Its psychiatric emergency system has been repeatedly shown — through federal inspections, sworn testimony, and staff warnings — to be unsafe, coercive, and fundamentally misaligned with healing.
If you were harmed there, you are not imagining it. If you felt dehumanized, you are not alone. If you left worse than you arrived, that outcome is documented — not rare.
“A system that treats psychiatric crisis as a threat instead of a human emergency is not broken — it is doing exactly what it was designed to do.”
And that design needs to change!!!
Receipts (Public Record)
The claims above are supported by publicly available government records, inspections, and sworn testimony, including:
Federal / CMS Inspection Findings
2015 CMS survey citing failure to properly monitor suicidal patients in ECMC’s emergency department, following a patient suicide
2016 CMS survey documenting unsafe psychiatric discharge practices and failures in continuity of care
2016 & 2018 CMS findings involving restraint-related incidents, including staff use of force and failures to properly report restraint-associated deaths as required under federal rules
2023 CMS “Immediate Jeopardy” finding involving psychiatric emergency safety failures, including assault of a restrained patient by hospital security and serious environmental safety lapses
(These surveys are publicly accessible via CMS records and HospitalInspections.org.)

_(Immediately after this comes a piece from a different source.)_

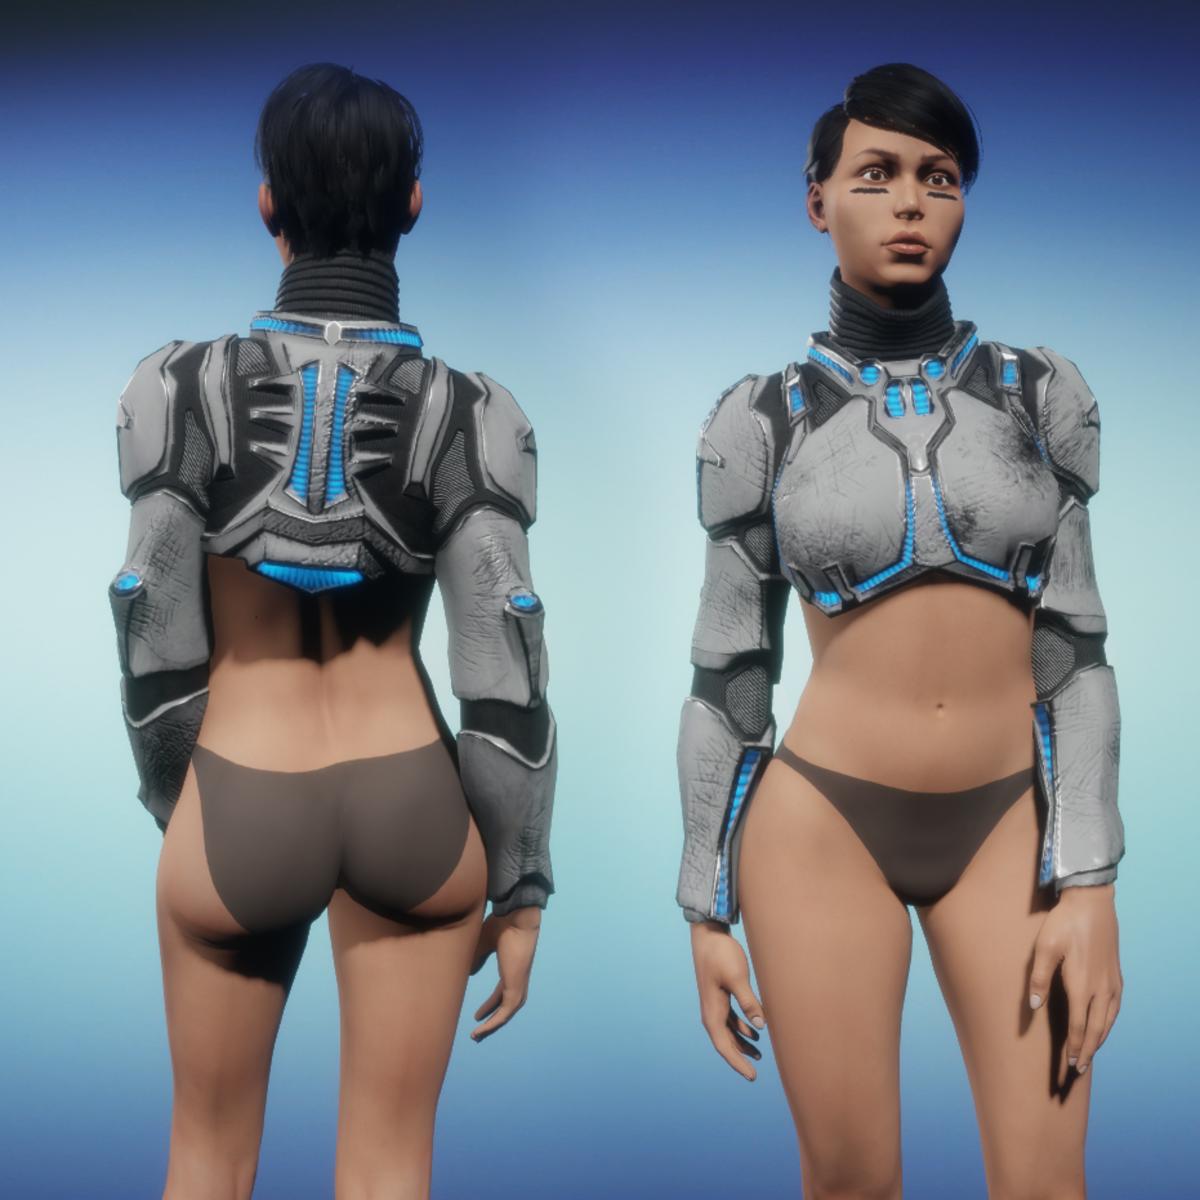 Sci-Fi Armor Top part 1/2 (white)

New York State Attorney General Proceedings
January 2023 Public Hearing on Mental Health Access in Western New York (Buffalo) convened by the New York Attorney General
Sworn public testimony from psychiatric survivors, case managers, and advocates describing prolonged confinement, restraint use, neglect, and dehumanizing conditions at ECMC’s CPEP
Submitted testimony from ECMC leadership, acknowledging overwhelming demand, lack of discharge options, and systemic strain
(Hearing transcripts and submissions are published by the NYS Office of the Attorney General.)
Staffing & Safety Warnings
Public statements and interviews from ECMC nurses and staff describing unsafe staffing ratios, overcrowding in psychiatric emergency services, patient violence, and staff injury
ECMC administrative responses acknowledging high patient volume and staffing challenges
(Reported by Buffalo-area investigative and public media outlets.)